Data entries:
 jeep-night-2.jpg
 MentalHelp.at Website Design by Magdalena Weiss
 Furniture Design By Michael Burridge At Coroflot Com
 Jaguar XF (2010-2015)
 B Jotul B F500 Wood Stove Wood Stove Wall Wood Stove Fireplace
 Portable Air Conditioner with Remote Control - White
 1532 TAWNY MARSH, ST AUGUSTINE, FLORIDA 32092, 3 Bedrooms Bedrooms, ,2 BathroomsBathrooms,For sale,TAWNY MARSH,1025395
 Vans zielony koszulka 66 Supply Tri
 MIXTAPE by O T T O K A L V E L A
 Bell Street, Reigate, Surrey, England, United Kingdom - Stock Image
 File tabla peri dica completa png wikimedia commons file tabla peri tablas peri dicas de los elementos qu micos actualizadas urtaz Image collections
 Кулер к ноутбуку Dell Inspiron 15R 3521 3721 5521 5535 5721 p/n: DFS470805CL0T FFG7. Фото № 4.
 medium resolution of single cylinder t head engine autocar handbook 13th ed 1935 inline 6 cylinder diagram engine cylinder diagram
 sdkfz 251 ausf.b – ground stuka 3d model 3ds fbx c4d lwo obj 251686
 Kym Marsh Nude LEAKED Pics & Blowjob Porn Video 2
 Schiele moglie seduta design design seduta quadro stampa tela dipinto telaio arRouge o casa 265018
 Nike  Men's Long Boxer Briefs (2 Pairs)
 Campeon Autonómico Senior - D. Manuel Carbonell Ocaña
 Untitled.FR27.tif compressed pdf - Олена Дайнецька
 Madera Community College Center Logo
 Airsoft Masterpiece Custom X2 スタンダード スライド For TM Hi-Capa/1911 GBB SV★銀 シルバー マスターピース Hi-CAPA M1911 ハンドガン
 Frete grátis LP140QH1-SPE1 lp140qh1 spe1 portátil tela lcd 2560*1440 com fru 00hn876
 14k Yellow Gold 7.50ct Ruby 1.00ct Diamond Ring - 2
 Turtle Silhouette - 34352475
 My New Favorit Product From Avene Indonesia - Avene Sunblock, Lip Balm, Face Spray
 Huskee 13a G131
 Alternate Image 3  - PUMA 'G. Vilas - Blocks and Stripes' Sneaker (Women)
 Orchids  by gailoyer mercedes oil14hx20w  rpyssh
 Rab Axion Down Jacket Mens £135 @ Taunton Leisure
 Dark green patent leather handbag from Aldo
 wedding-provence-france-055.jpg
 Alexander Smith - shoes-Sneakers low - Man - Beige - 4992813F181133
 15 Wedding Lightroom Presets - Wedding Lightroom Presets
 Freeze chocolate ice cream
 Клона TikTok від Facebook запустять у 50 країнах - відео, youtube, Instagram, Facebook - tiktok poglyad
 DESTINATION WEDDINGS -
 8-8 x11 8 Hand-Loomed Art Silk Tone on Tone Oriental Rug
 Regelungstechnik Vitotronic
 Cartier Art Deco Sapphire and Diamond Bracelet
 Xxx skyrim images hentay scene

WORK TASK >> An exact transcription of the data above is required.

RESULT >>
 jeep-night-2.jpg
 MentalHelp.at Website Design by Magdalena Weiss
 Furniture Design By Michael Burridge At Coroflot Com
 Jaguar XF (2010-2015)
 B Jotul B F500 Wood Stove Wood Stove Wall Wood Stove Fireplace
 Portable Air Conditioner with Remote Control - White
 1532 TAWNY MARSH, ST AUGUSTINE, FLORIDA 32092, 3 Bedrooms Bedrooms, ,2 BathroomsBathrooms,For sale,TAWNY MARSH,1025395
 Vans zielony koszulka 66 Supply Tri
 MIXTAPE by O T T O K A L V E L A
 Bell Street, Reigate, Surrey, England, United Kingdom - Stock Image
 File tabla peri dica completa png wikimedia commons file tabla peri tablas peri dicas de los elementos qu micos actualizadas urtaz Image collections
 Кулер к ноутбуку Dell Inspiron 15R 3521 3721 5521 5535 5721 p/n: DFS470805CL0T FFG7. Фото № 4.
 medium resolution of single cylinder t head engine autocar handbook 13th ed 1935 inline 6 cylinder diagram engine cylinder diagram
 sdkfz 251 ausf.b – ground stuka 3d model 3ds fbx c4d lwo obj 251686
 Kym Marsh Nude LEAKED Pics & Blowjob Porn Video 2
 Schiele moglie seduta design design seduta quadro stampa tela dipinto telaio arRouge o casa 265018
 Nike  Men's Long Boxer Briefs (2 Pairs)
 Campeon Autonómico Senior - D. Manuel Carbonell Ocaña
 Untitled.FR27.tif compressed pdf - Олена Дайнецька
 Madera Community College Center Logo
 Airsoft Masterpiece Custom X2 スタンダード スライド For TM Hi-Capa/1911 GBB SV★銀 シルバー マスターピース Hi-CAPA M1911 ハンドガン
 Frete grátis LP140QH1-SPE1 lp140qh1 spe1 portátil tela lcd 2560*1440 com fru 00hn876
 14k Yellow Gold 7.50ct Ruby 1.00ct Diamond Ring - 2
 Turtle Silhouette - 34352475
 My New Favorit Product From Avene Indonesia - Avene Sunblock, Lip Balm, Face Spray
 Huskee 13a G131
 Alternate Image 3  - PUMA 'G. Vilas - Blocks and Stripes' Sneaker (Women)
 Orchids  by gailoyer mercedes oil14hx20w  rpyssh
 Rab Axion Down Jacket Mens £135 @ Taunton Leisure
 Dark green patent leather handbag from Aldo
 wedding-provence-france-055.jpg
 Alexander Smith - shoes-Sneakers low - Man - Beige - 4992813F181133
 15 Wedding Lightroom Presets - Wedding Lightroom Presets
 Freeze chocolate ice cream
 Клона TikTok від Facebook запустять у 50 країнах - відео, youtube, Instagram, Facebook - tiktok poglyad
 DESTINATION WEDDINGS -
 8-8 x11 8 Hand-Loomed Art Silk Tone on Tone Oriental Rug
 Regelungstechnik Vitotronic
 Cartier Art Deco Sapphire and Diamond Bracelet
 Xxx skyrim images hentay scene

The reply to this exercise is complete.